The Tropics are still relatively quiet for areas in range of P-3 flights. An infrared satellite image from Saturday morning (Fig. 77) shows a well-organized system that was T.D.#14 and has developed into Tropical Storm Maria. The storm is under a narrow band of relatively low shear (Fig. 78), and thus has the potential to continue to develop. It is forecasted to track toward the north-northwest (Fig. 79), out of range of any possible operations.

Elsewhere, a line of convection is evident off the southeast Florida coast extending to a point north of the Greater Antilles. This convection is associated with a broad upper-level trough and surface front that has extended off the U.S. East Coast, as indicated by water vapor imagery (Fig. 80). A flare-up of convection on the southeast edge of this trough has a midlevel circulation associated with it, while the southwest edge of the trough, associated with the southern extent of the surface front, is often an area favorable for tropical cyclogenesis. Global models indicate one or possibly two systems developing in this region over the next several days (Fig. 81). If the western system does develop, it likely would be tasked by NHC for SFMR or fix-responsibility missions.
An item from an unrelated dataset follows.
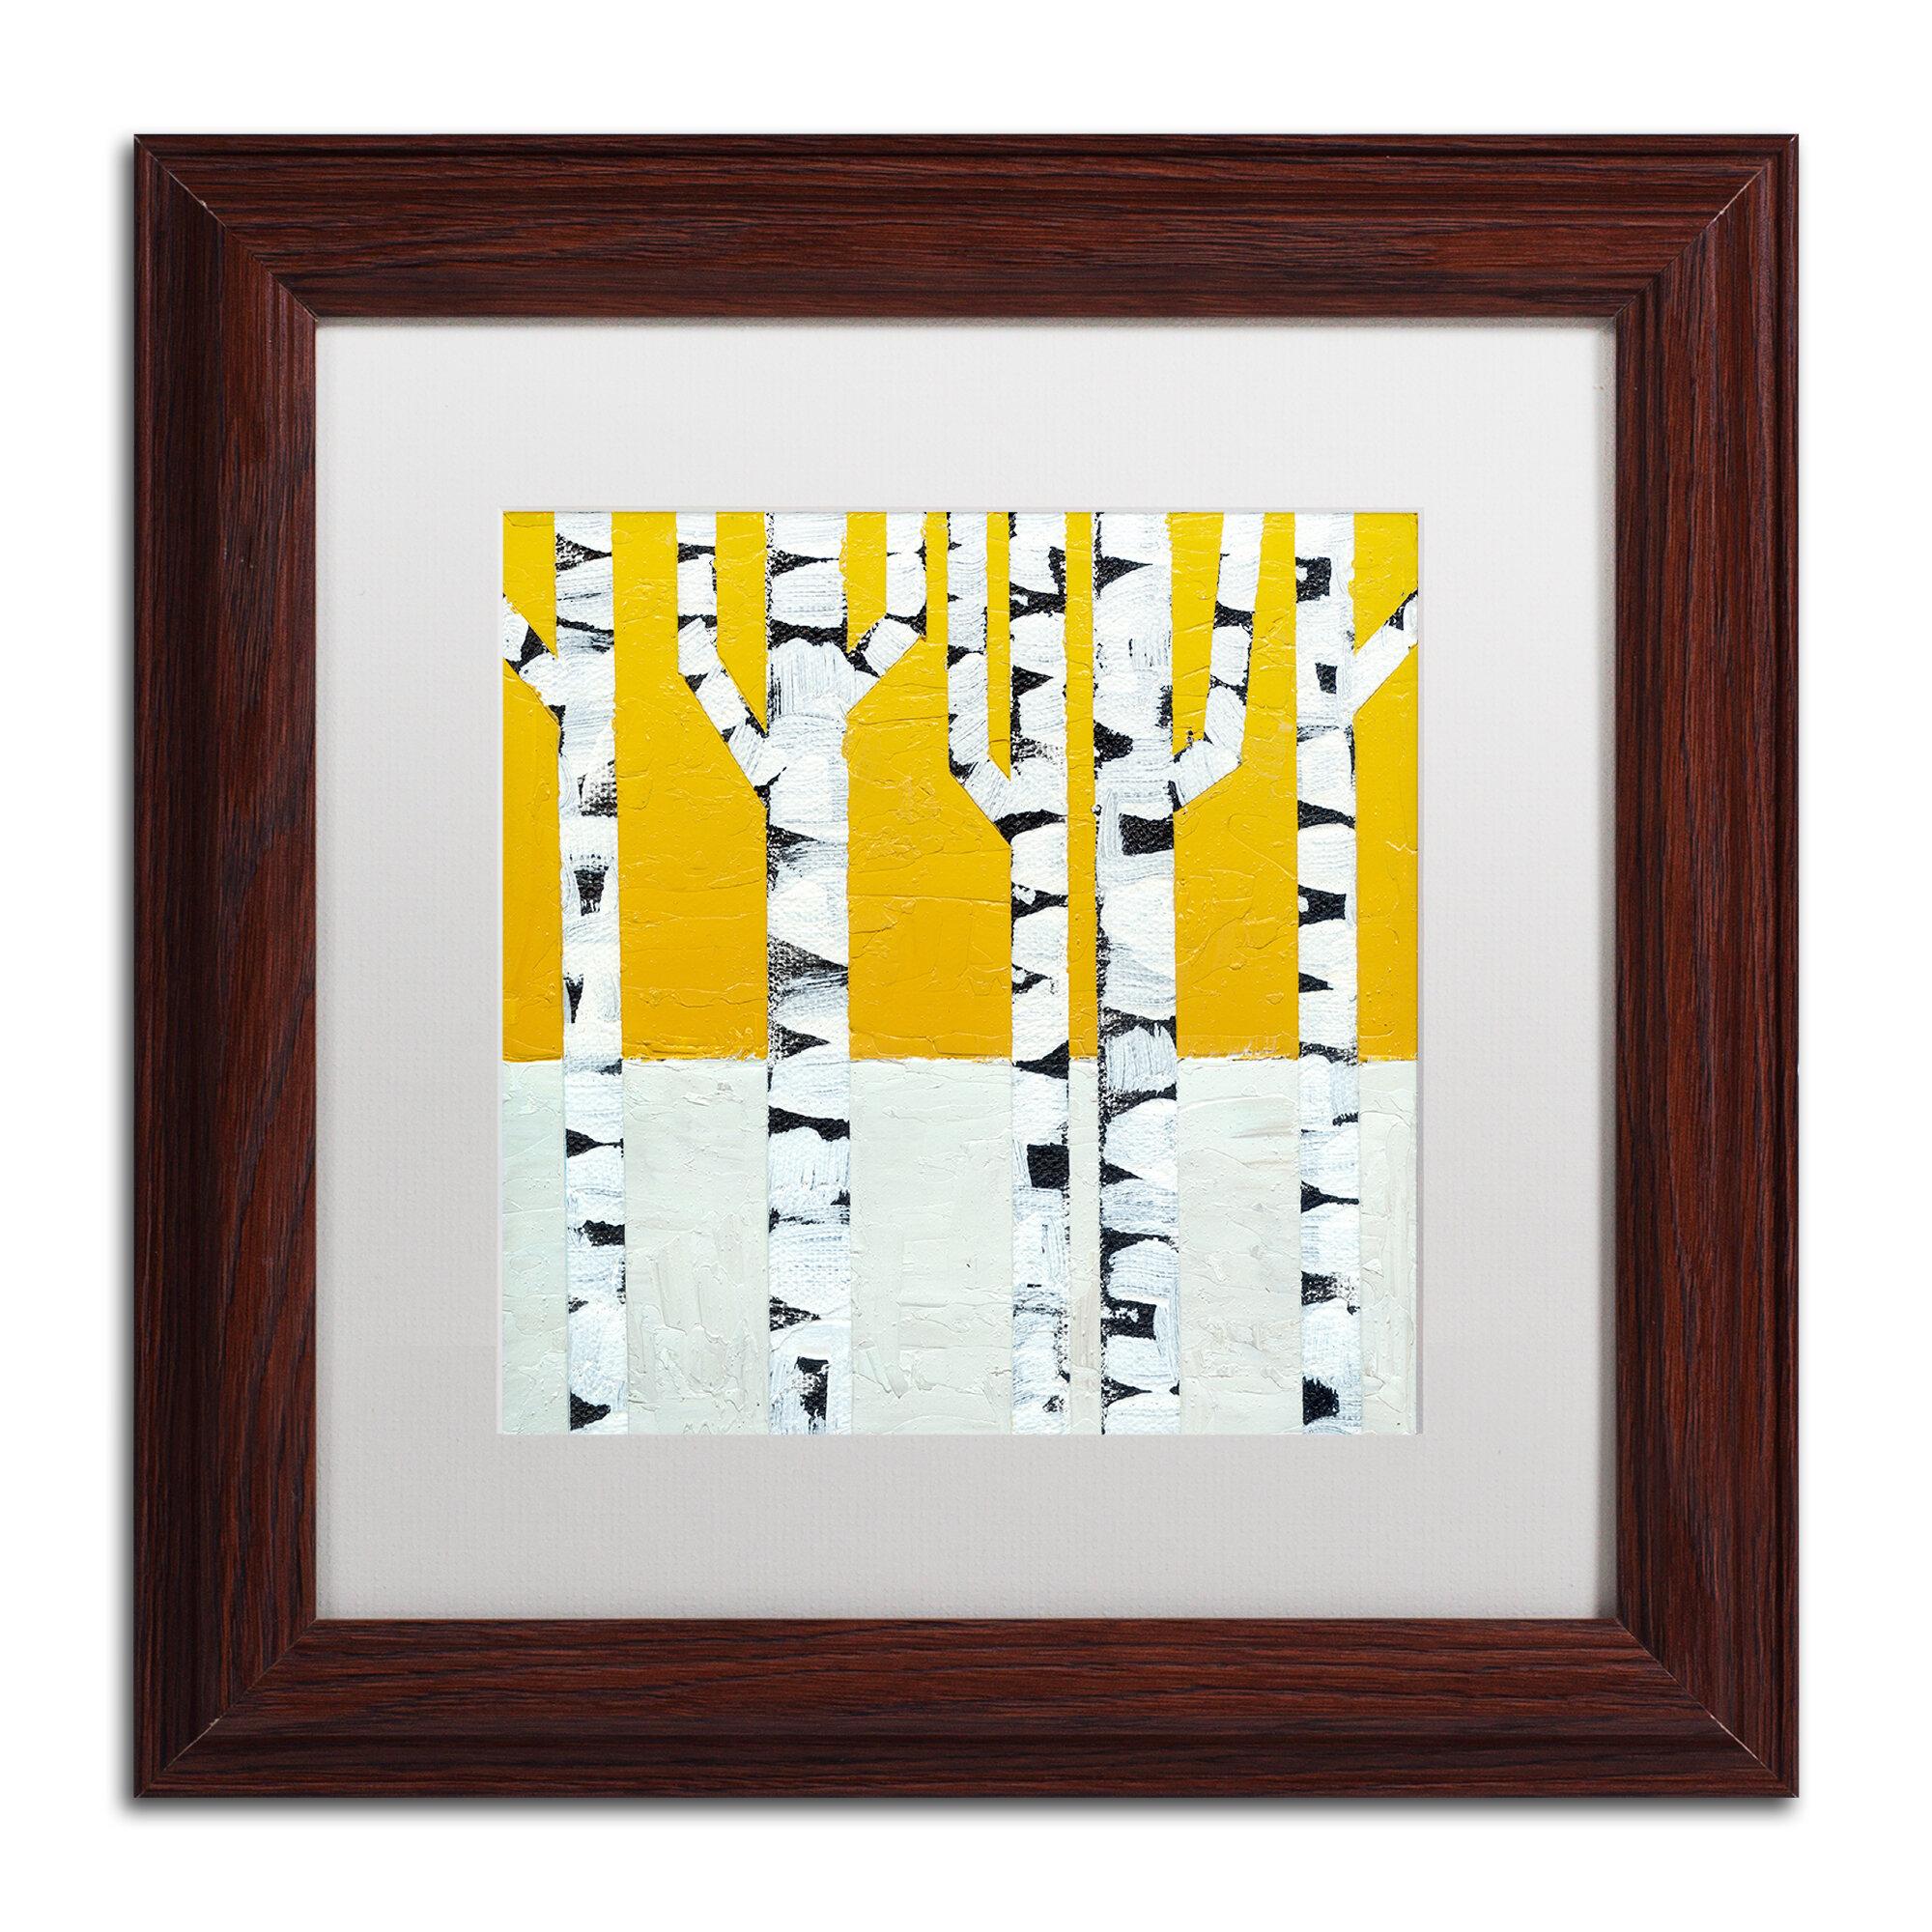 Trademark Art Seasonal Birches Winter By Michelle Calkins Framed Painting Print Wayfair

It is also possible that some coordinated RAINEX flights could be flown, if the system developed into a strong tropical storm.

Elsewhere, the tropical Atlantic is relatively quiet.

Figure 77. GOES-East Infrared valid 1315 UTC September 3.

Figure 78. CIMSS-derived 850-200 hPa shear (kt) valid 09 UTC September 3.

Figure 79. Track guidance for Tropical Storm Maria valid 12 UTC September 3, 2005.

Figure 80. GOES-East Water Vapor image valid 1315 UTC September 3, 2005.

Figure 81. Plot of detection of vortices in various global models for model runs initialized at 00 UTC 3 September 2005.